Although attendance to most of the activities is restricted to members of Congress and their staff, lobbyists for corporations and associations that financially support the Congressional Institute are invited to join legislators at a reception and dinner Thursday night.

Some Republicans contend that the presence of lobbyists does not necessarily sway lawmakers into any explicit course of action, but rather their input could be useful to help educate members on various issues.

"These people want to pay to be there. They can talk to us," Rep. Allen West, R-Fla., said. "I'm sure that there are key business leaders and things of that nature that want to talk to us about tax policy or regulatory policy and we listen to them. That doesn't mean that I have to come back here and start to develop a legislative agenda to meet their needs."

A spokeswoman for the House Republican Conference emphasized that lobbyists are not allowed to attend any planning sessions.

The retreat "provides members an opportunity to come together to discuss goals for the coming year and design a plan to achieve them," said Shannon McGahn, director of communications for the House Republican Conference. "The planning sessions are open only to members of Congress, staff, their family, and staff from the Institute - not their donors."

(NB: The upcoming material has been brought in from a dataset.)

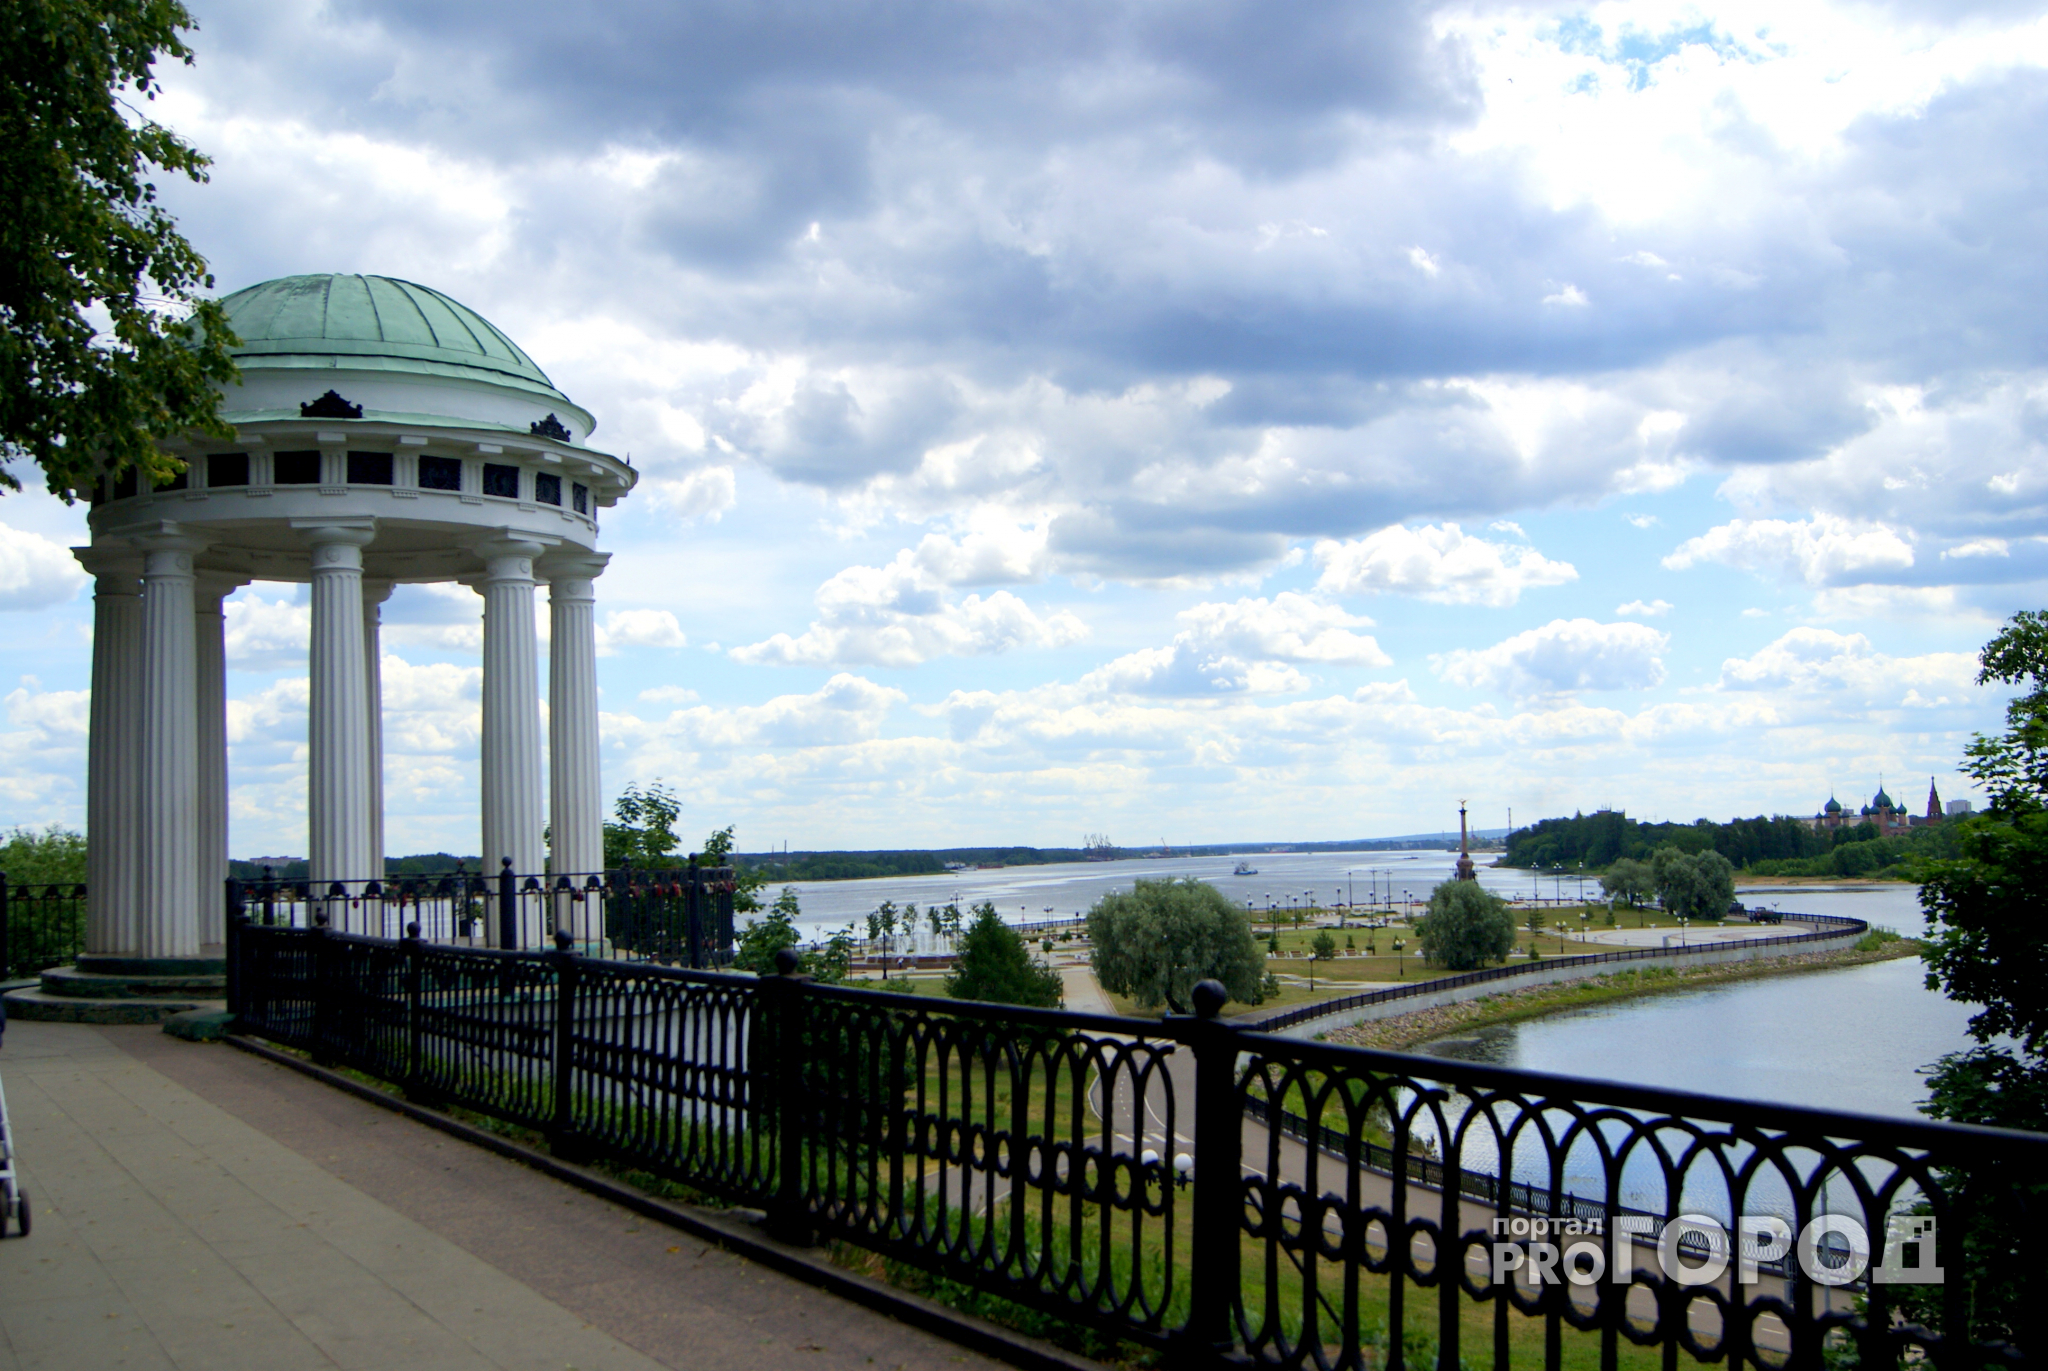 Ярославль стал одним из самых популярных городов России для путешествий

McGahn also said that members of Congress pay their own travel, lodging and food at the retreat, unlike the House Democrats' Issues Conference, which is paid for by the American taxpayer. The Congressional Institute, she said, "receives dues from members and has hosted this retreat for many years so that taxpayers aren't burdened with the cost."

Boarding a bus at the Capitol, Rep. Jeb Hensarling, the House Republican Conference chairman, said that members are heading to Baltimore "unified about getting jobs to Americans."

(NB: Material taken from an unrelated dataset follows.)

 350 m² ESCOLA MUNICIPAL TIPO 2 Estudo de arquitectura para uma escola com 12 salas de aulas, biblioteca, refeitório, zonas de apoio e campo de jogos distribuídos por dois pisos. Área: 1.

"As the president's been in office for three years, we see the worse unemployment since the Great Depression. We see small business start-ups at about a 17-year low, and one in seven on food stamps. So regardless of his best efforts and best intentions, [President Obama's] policies have failed," Hensarling, R-Texas, said. "It's a new year. It's time to try something new. I hope the president will start to try a new policy."

"This is a destiny-shaping year in America and essentially for all of humanity," Rep. Trent Franks, R-Ariz., said as he boarded another bus. "I hope that ours is a humble attitude and a diligent heart that we can try to find things that are good for the country and good for our fellow human beings."

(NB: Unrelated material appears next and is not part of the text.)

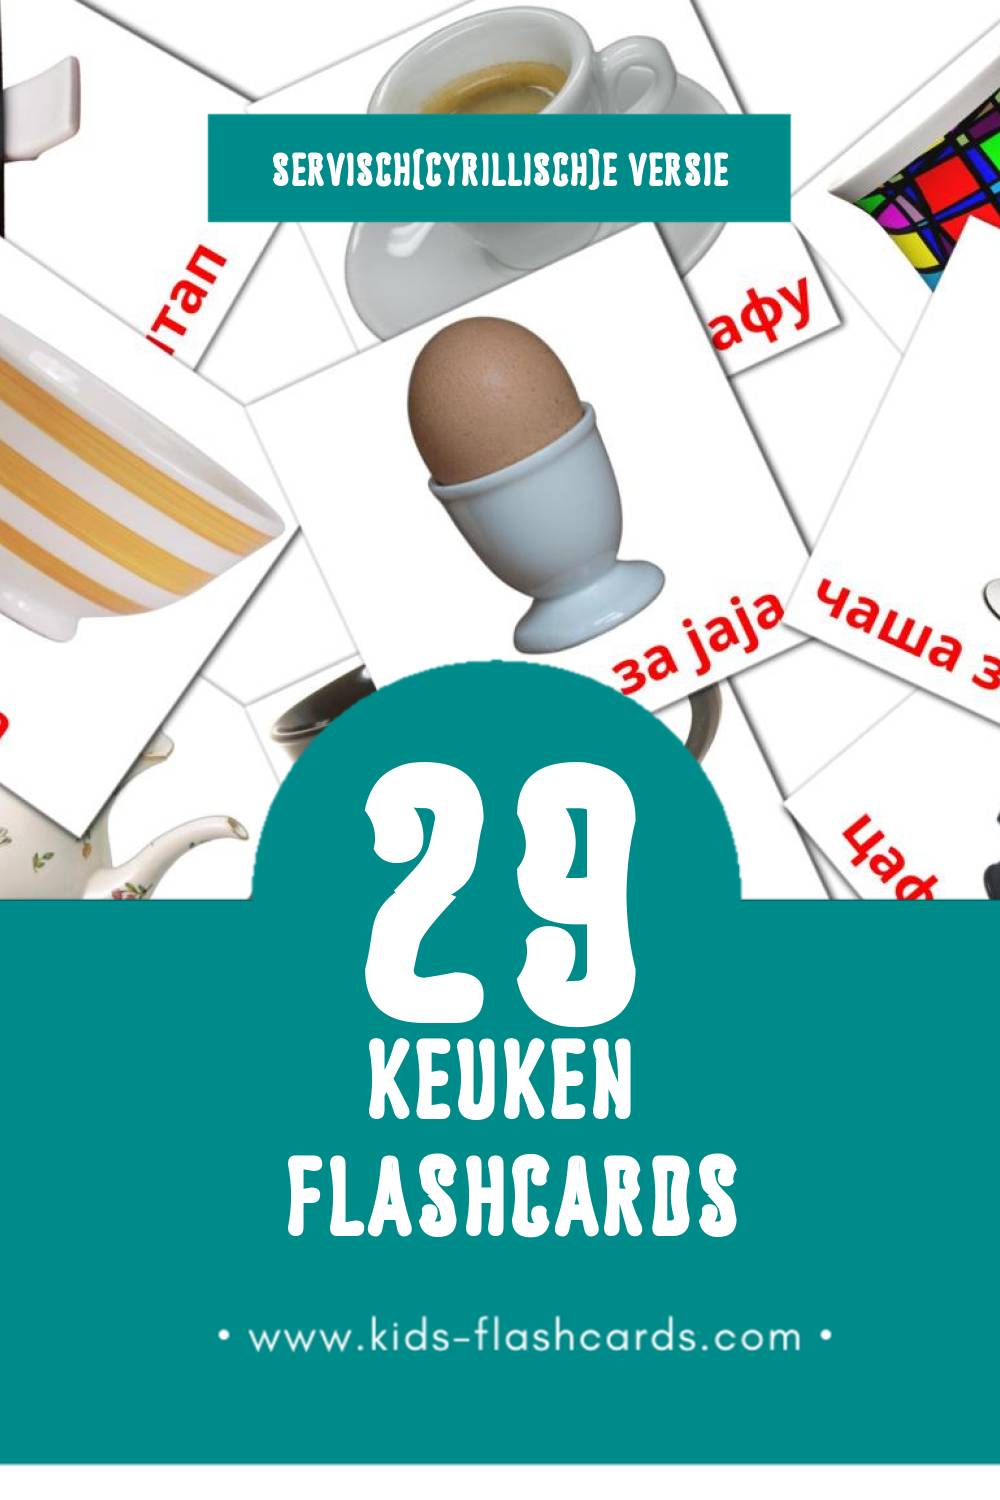 Visuele у кухињи Flashcards voor Kleuters (29 kaarten in het Servisch(cyrillisch))

According to its website, the Congressional Institute is "dedicated to helping members of Congress better serve their constituents and helping their constituents better understand the operations of the national legislature." The Institute also sponsors the Annual Congressional Art Competition and debates, among other projects. The non-profit corporation pays for expenses of congressional staff who attend as well as other costs like audio/visual equipment and the travel of guest speakers. Any aides who attend must receive permission from the House Ethics Committee and disclose of all costs.

Mark Strand, the Congressional Institute's president and a former chief of staff to former Sen. Jim Talent, R-Mo., said he - not lobbyists - helps set the schedule and secures pre-approval for the agenda from the House Ethics Committee.

"The Institute works closely with the House Republican Conference to make sure our agenda addresses the needs and concerns of the Members," Strand wrote in an email to ABC. "The Institute's supporters do not plan, attend or participate in any session of the annual conference.  Only staff from the Institute are present to help manage the program sessions."

Among the activities this weekend, members will hear speeches from former Redskins head coach Joe Gibbs, former Sen. Phil Gramm, R-Texas, and a keynote address by New Jersey Republican Gov. Chris Christie. None of the retreat's seminars are open to the press.